Changement aussi d'arène, le 10 novembre 1990, quand Nîmes bat Benfica (31-23) dans l'amphithéâtre romain devant 9 000 spectateurs. "Les joueurs portugais nous ont demandé la cassette du match pour montrer chez eux où ils avaient joué", assure Alain Portes, dont voici un extrait ci-dessus. Le match avait été diffusé en direct sur Canal +, commenté par l'excellent Charles Biétry. Voir l'USAM jouer sous la bulle dans les arènes reste un moment marquant de ce passé européen.

Ce sera aussi le cas en quart de finale contre Barcelone mais l'aventure prend fin face au futur vainqueur de cette édition. Nouvelle déception la saison suivante puisque Nîmes bute encore au même stade, éliminé cette fois-ci par les Danois de Kolding (25-23, 24-23). Classé seulement quatrième en championnat, la Green team ne se qualifie pour aucune compétition européenne lors de l'exercice 1992/1993.

Le vol Braga-Zagreb

De quoi se concentrer sur la première division qu'elle remporte pour la quatrième fois et revenir plus fort. Nîmes est donc en lice pour disputer la première Ligue des Champions de l'histoire, le nouveau nom donné à la Coupe des clubs champions. Fini les phases à élimination directe. Les huit derniers sont répartis en deux poules et seul le premier accède à la finale.

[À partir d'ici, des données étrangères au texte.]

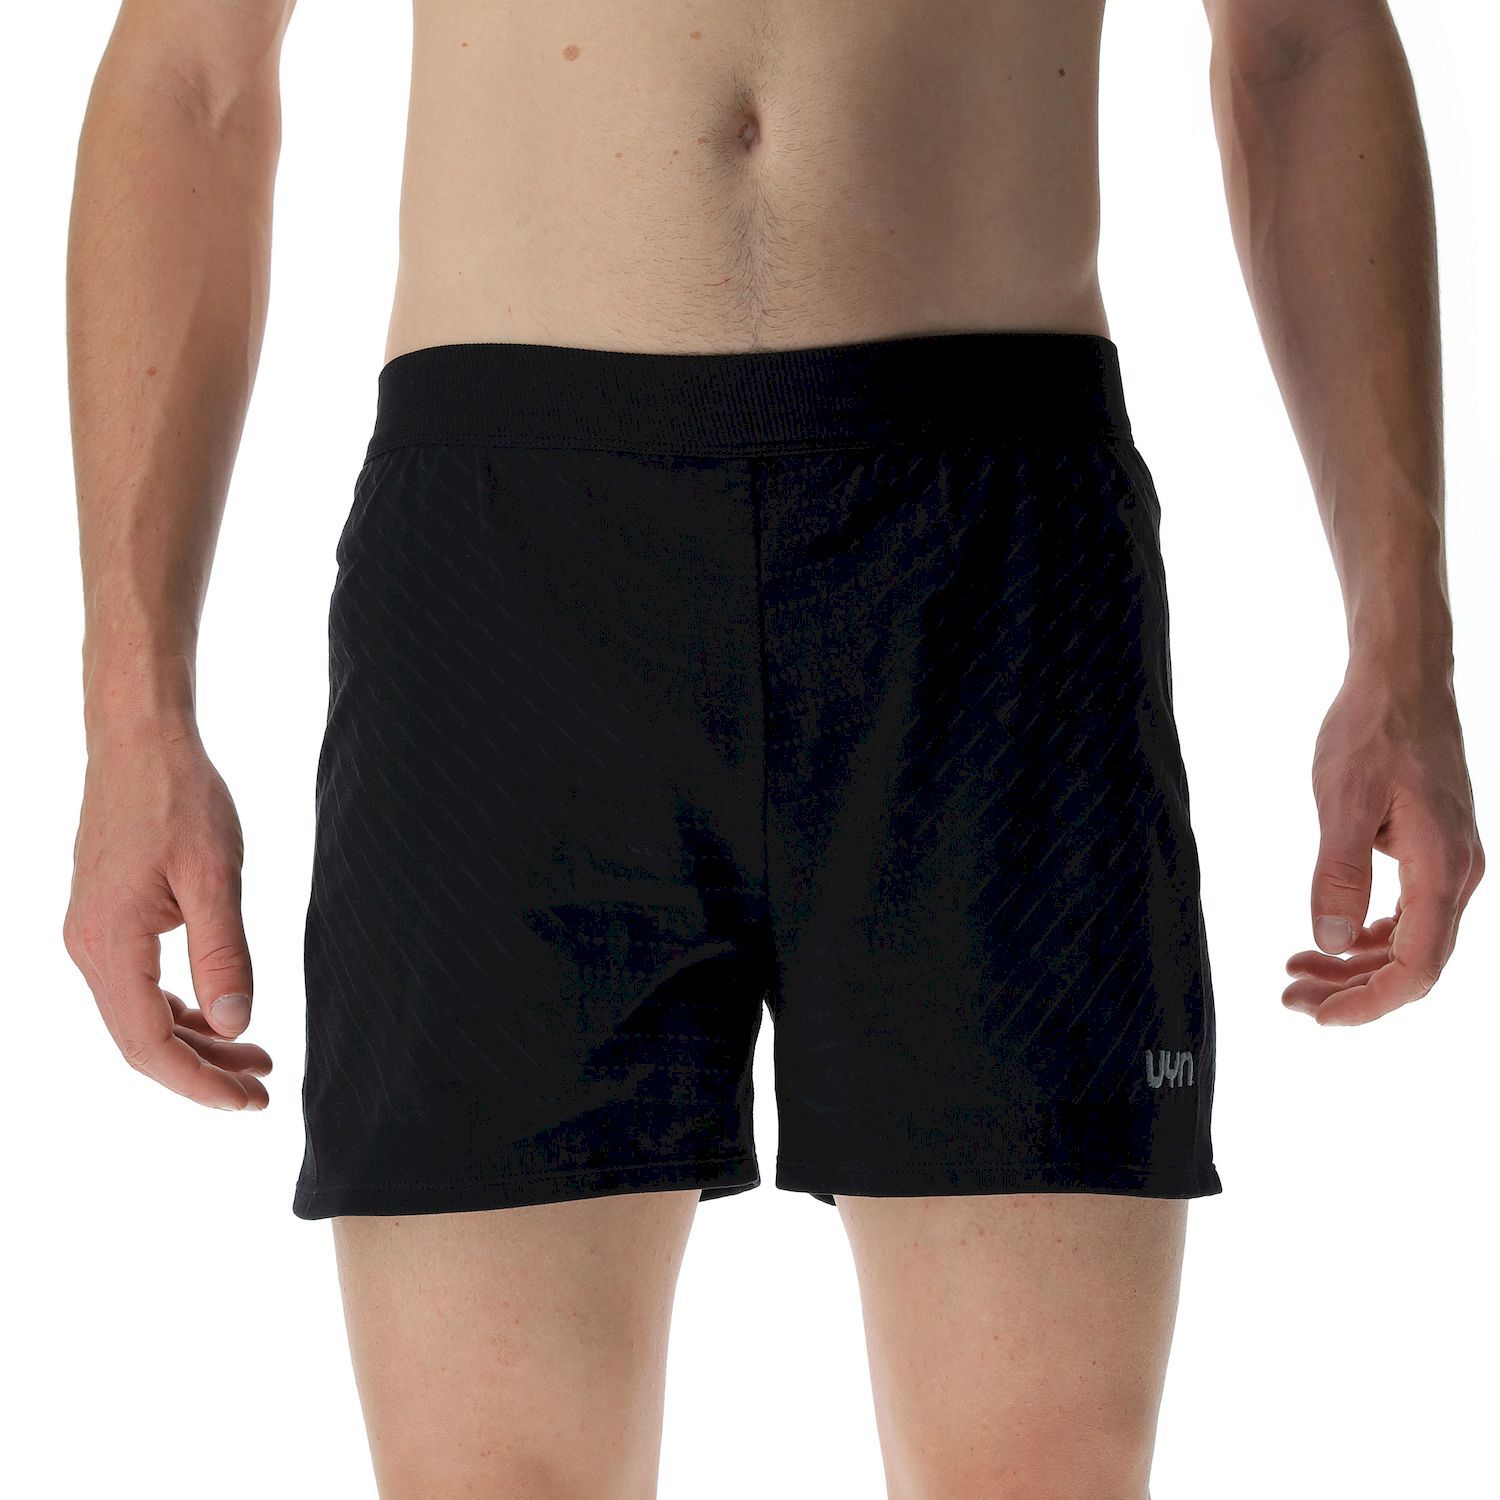 Uyn Running PB42 Ow Pants Short - Pantalones cortos de running - Hombre

Mais l'USAM échoue à un point de Braga et termine troisième de la compétition. Avec trois matches nuls concédés, un petit but aurait fait la différence notamment contre la formation portugaise. "Ce match nul nous a été fatal", lâche Alain Portes. Si la légende usamiste cherche l'excuse sportive d'autres y voient un complot contre Nîmes. "Pour nous éliminer Braga devait gagner à Zagreb et à la surprise générale ils y sont parvenus. Quelques mois plus tard les joueurs de Zagreb ont été invités à passer 15 jours de vacances à Braga", raconte l'ancien entraîneur, Jean-Paul Martinet, qui assure que l'USAM aurait dû être champion d'Europe cette année-là.

Le 30 mai dernier, la génération Rebichon, Gallego, Desbonnet, Dupuy, Salou, Tobie, Prandi... a décroché le ticket pour l'Europe (Photo USAM)

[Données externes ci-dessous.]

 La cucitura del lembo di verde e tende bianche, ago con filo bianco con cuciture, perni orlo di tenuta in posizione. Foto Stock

Nîmes a approché le trône mais la chute va être terrible. En fin de saison, le club est rétrogradé en deuxième division et placé en liquidation judiciaire car criblé de 11 millions de francs de dettes sous la présidence de Gilbert Baumet, président également à l'époque du Conseil général du Gard. Vainqueur de sa dernière Coupe de France, Nîmes réalisera un dernier baroud d'honneur contre les Croates de RK Medveščak Zagreb (16-30, 24-18), éliminé en 16e de finale.

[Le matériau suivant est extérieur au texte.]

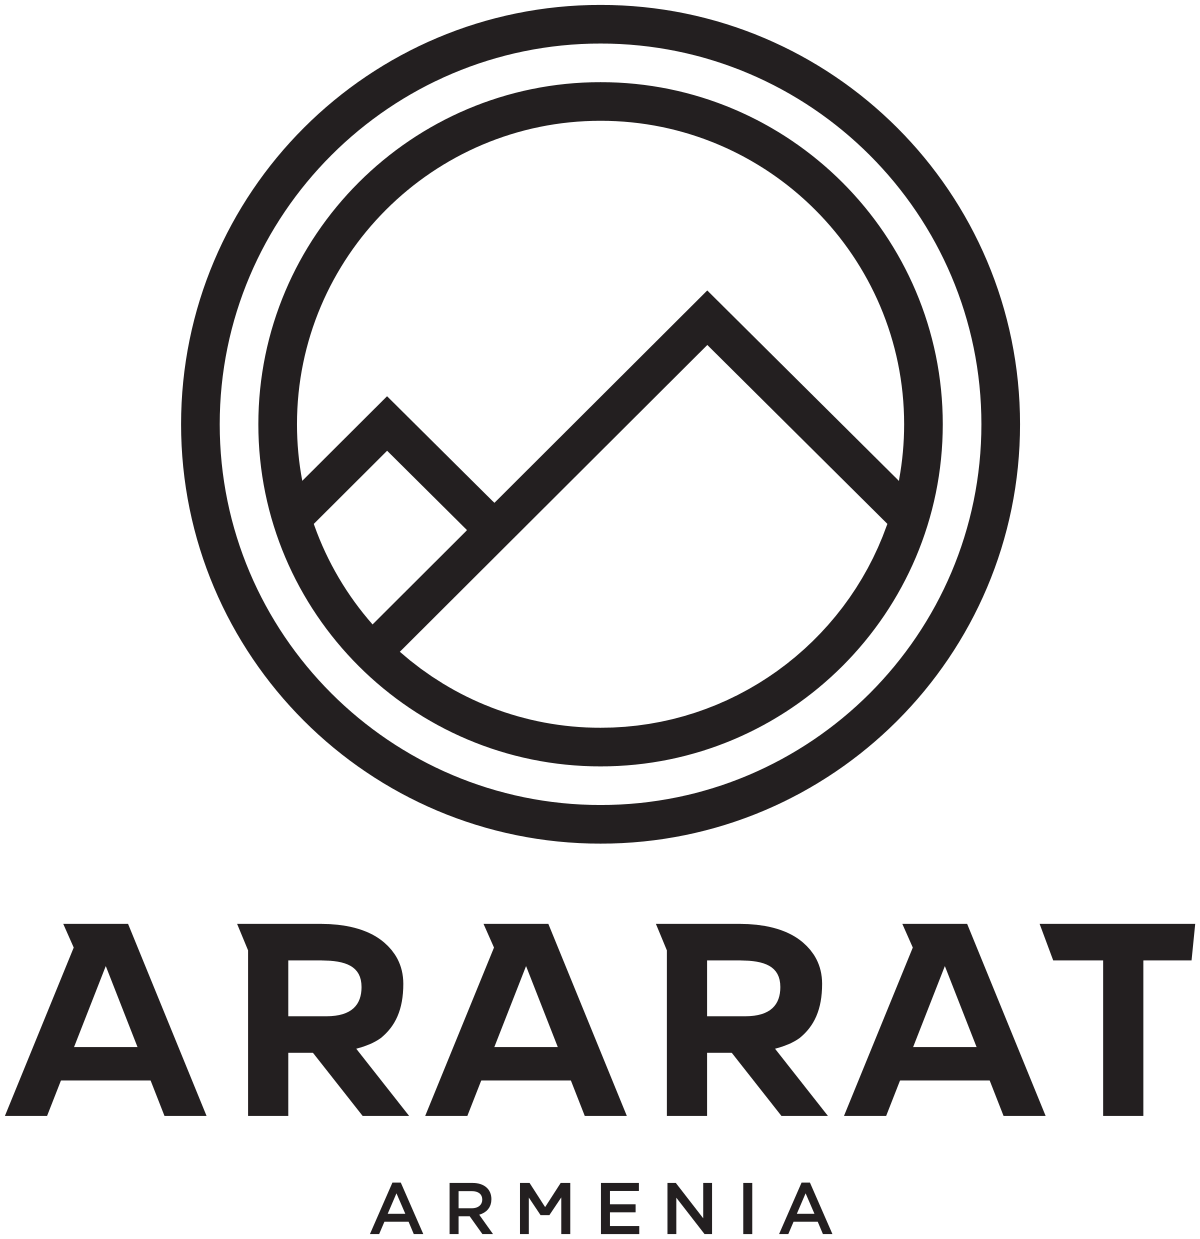 Nữ Ararat Armenia

Un adieu à l'Europe que l'on croyait définitif jusqu'à la saison dernière et cette cinquième place obtenue en Lidl Starligue. Une renaissance illustrée notamment par le président David Tebib arrivé à la tête du club en 2012 : "C'est dans notre ADN de retrouver le plus haut niveau et jouer l'Europe." Relayé sur le terrain par des joueurs qui véhiculent les valeurs usamistes comme le capitaine Julien Rebichon à qui "il ne manque que l'Europe !". Un rêve qui va s'exaucer contre Csurgoi, le 22e adversaire européen des Gardois, le premier Hongrois. C'est l'heure d'écrire le dixième tome du récit de l'USAM en Coupe d'Europe où s'est mêlé le tragique, le comique, voire le burlesque.